Artists Depict Wounded Knee Massacre, Occupation
SIOUX FALLS, S.D. (AP) — Jerry Fogg was just a teenager when he was handed a gun and told to help guard the South Dakota town of Wounded Knee during one of the most public displays of protest by the American Indian Movement nearly four decades ago.
For three days, Fogg joined about 200 Oglala Sioux members and their followers as they occupied and seized the town for 71 days.
"It felt like you were guarding a president," the Yankton Sioux tribal member who now resides in Sioux Falls recalled. "I was told if I was to fire, I was to fire over everyone's head."
Fogg is one of nearly 25 artists — both Native and non-Native — from around the country displaying their artwork at Augustana College's Center for Western Studies in Sioux Falls as part of a first-of-its-kind art exhibit and show.
"Interpretations of Wounded Knee 1973 and 1890" is meant to help foster understanding and build stronger relationships between Natives and non-Natives as the 40th anniversary of the Wounded Knee takeover approaches, said Timothy Hoheisel, director of Outreach and Promotion at The Center for Western Studies.
In 1890, the U.S. Army killed Miniconjou Lakota chief Spotted Elk, also known as Big Foot, and 300 of his followers, including women and children, on the banks of the Wounded Knee Creek
"I didn't do anything to Jerry Fogg. My ancestors basically killed his ancestors," said Hoheisel, referring to the 1890 massacre. "By us coming together with this exhibit, there's a chance for reconciliation."
The exhibit is a prelude to the annual Dakota Conference, which brings together professional and amateur historians and researchers to present papers on a particular topic relevant to Northern Plains history. The theme for this year's conference is "Wounded Knee 1973: Forty Years Later." The event, scheduled for April 27-28, is bringing together all sides from the occupation — former American Indian Movement members, federal agents and prosecutors, and journalists and bystanders who witnessed the uprising.
"This one has a bit of an edge to it, as we anticipated it would," said Harry Thompson, executive director for The Center for Western Studies.
This is the first time in the conference's 44-year history that there has been an art show to go along with the conference. Hoheisel said it fit well with this year's theme.
The exhibit, which runs through May 26, includes two-dimensional and three-dimensional pieces in various art forms.
In one oil-on-canvas painting — titled "Still Hanging on the Res" by artist Bruce Preheim of Vermillion, S.D. — Christ, a feather atop his head, is shown crucified.
"We crucify Christ every day by not dealing with Native American disparity and rights," Preheim wrote in his artist description of the piece.
Red paint covers half the canvas in "Last Stand II (Massacre at Wounded Knee)" by Sioux Falls artist Kevin Bierbaum, who is not Native American.
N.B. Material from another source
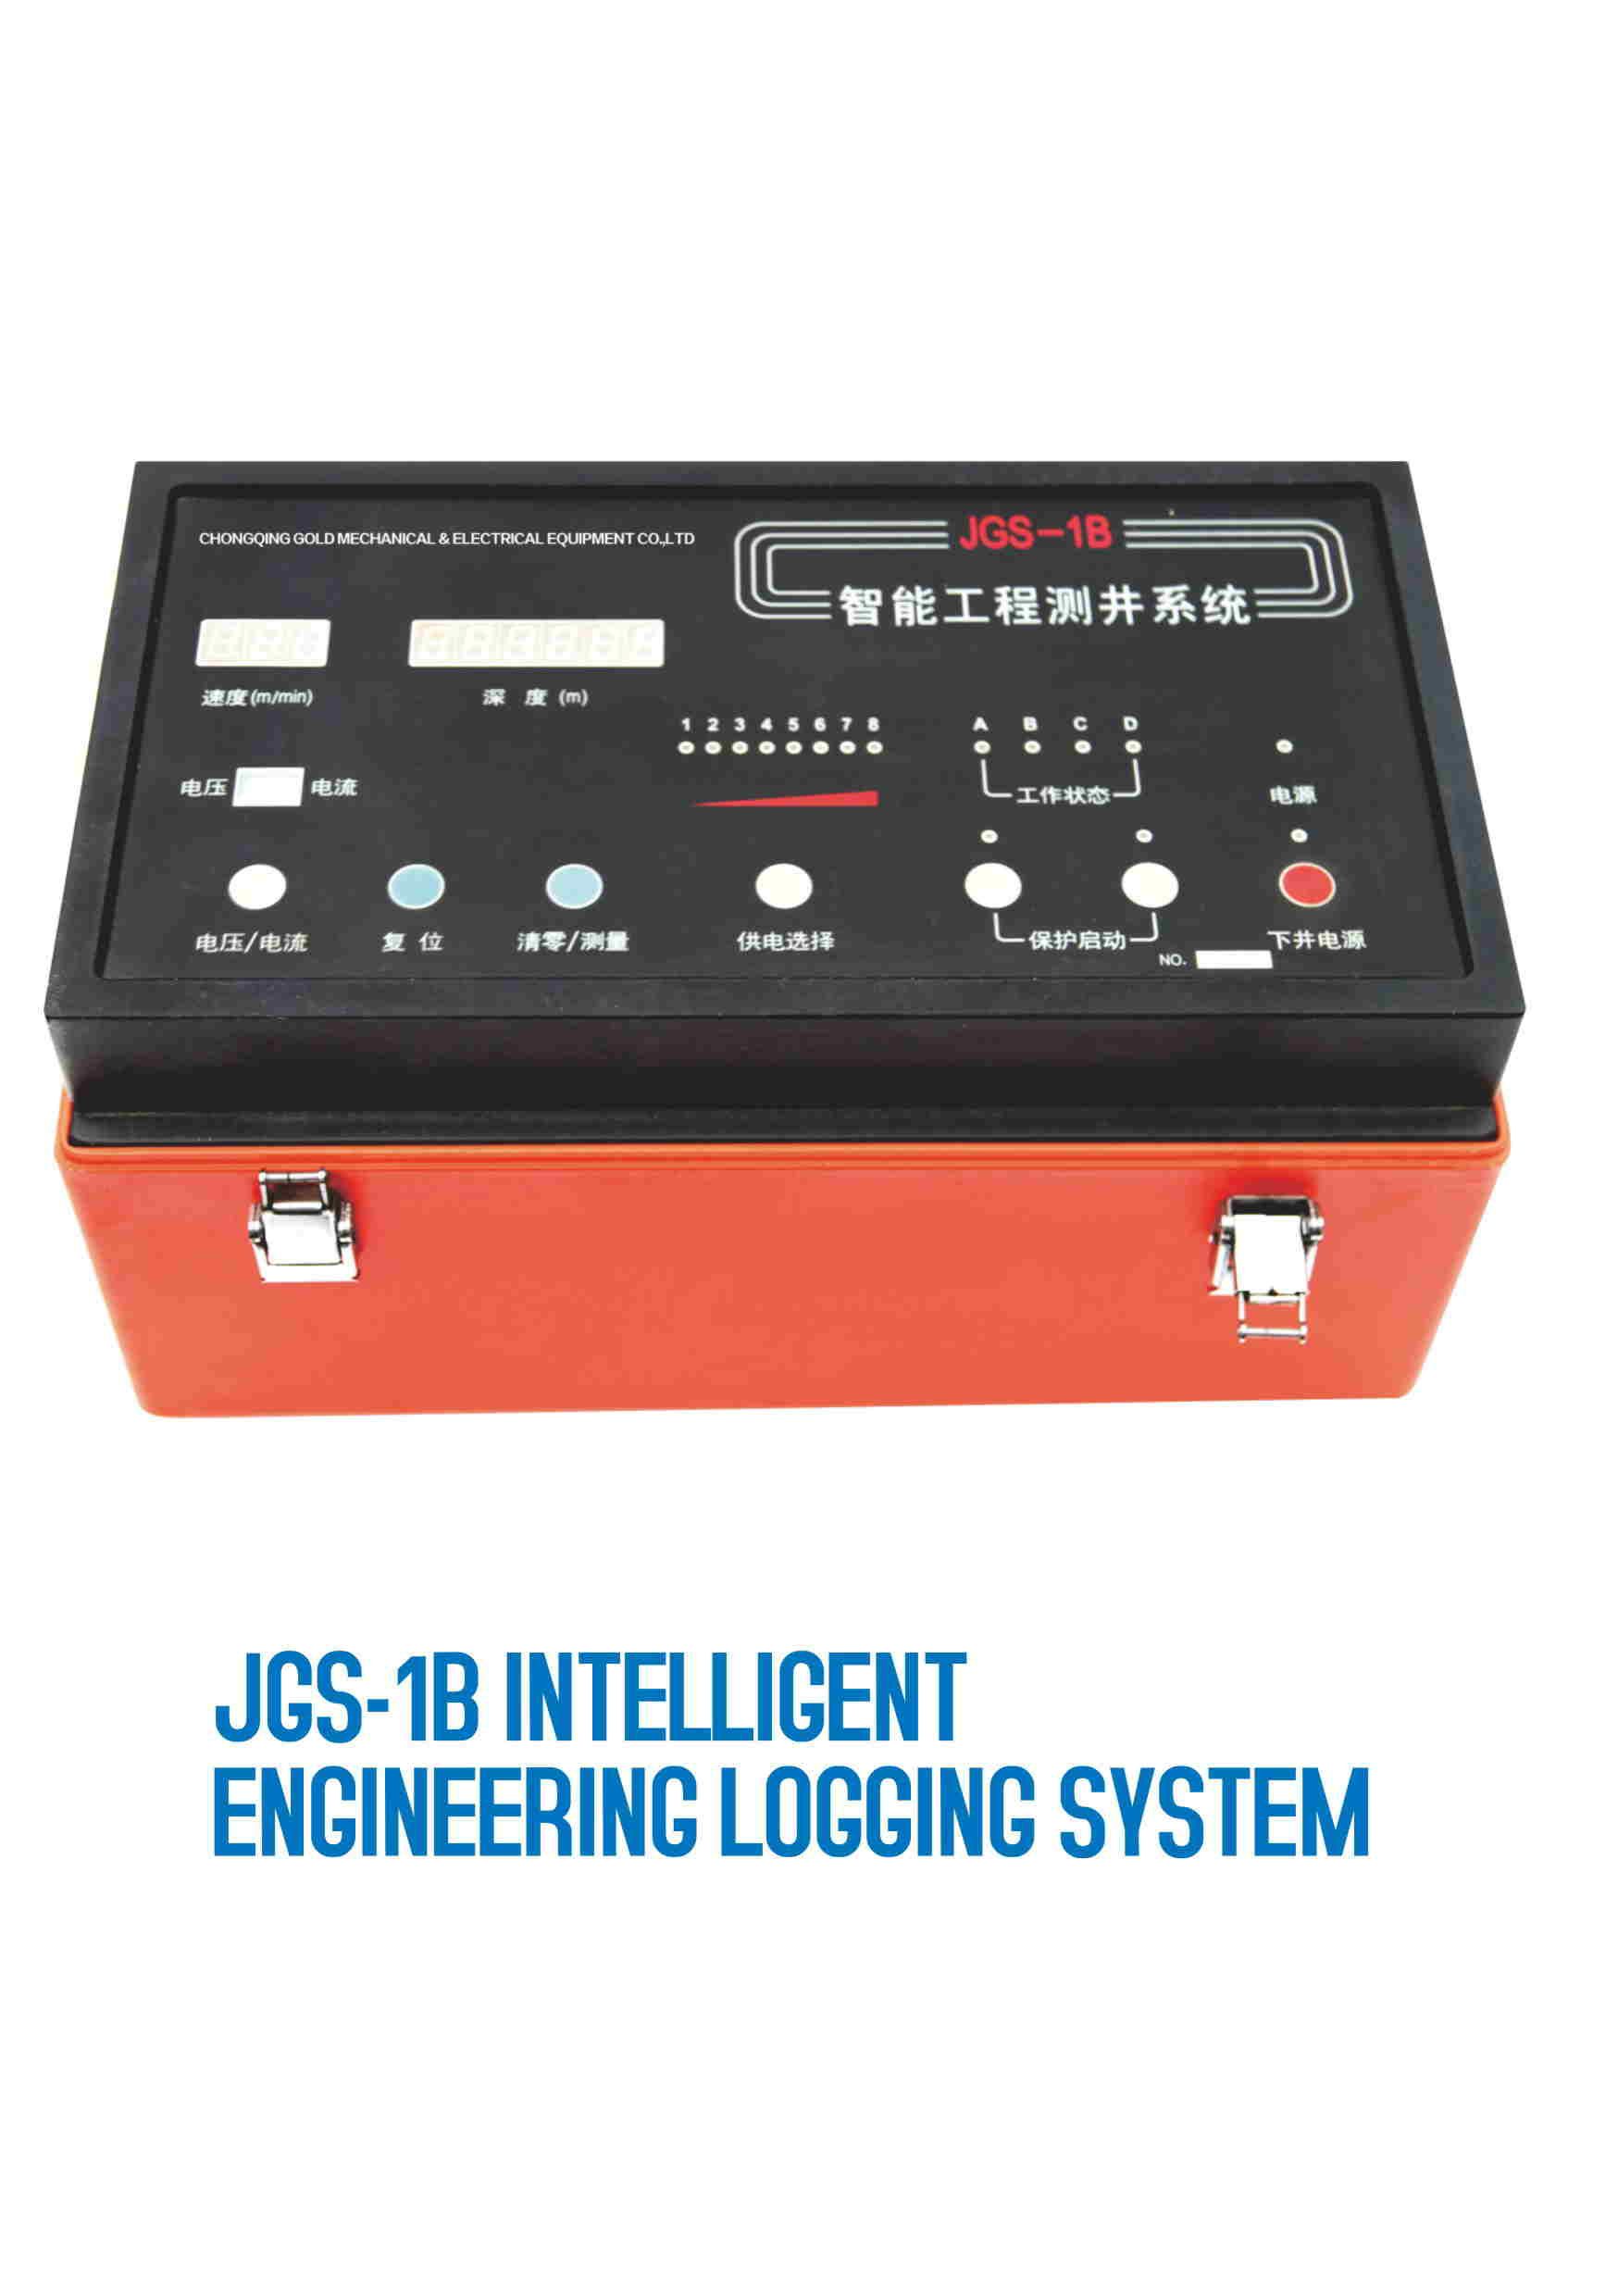 JGS-1B Intelligent Engineering Logging System

Hoheisel said the red paint depicts the blood from the massacre.
In "Archive," one of Fogg's pieces about the 1890 killings, the history lies in the details.
A map of Wounded Knee Creek drawn by a soldier moments before the killings acts as the bottom layer of the work. On top of that, there's another sheet with the names of those who died or were wounded. An actual broken hoop is placed in the center, representing the end of the Native's freedom to choose. Inside the hoop Fogg shows Chief Spotted Elk frozen in the winter cold.
Metal pins represent the 7th Cavalry, while a small pair of moccasins with a hair plume is in honor of the children killed. Thirty-eight 1890 Indian head pennies line the bottom of the piece, with an 1890 silver dollar in the middle that is meant to "give attention to a dreadful time that should never be forgotten or repeated," Fogg wrote in his artist note.
Fogg spent three months working on the piece and hopes it will help remind today's young people to remember and honor the past.
"You should remember. There's a story behind every work," he said.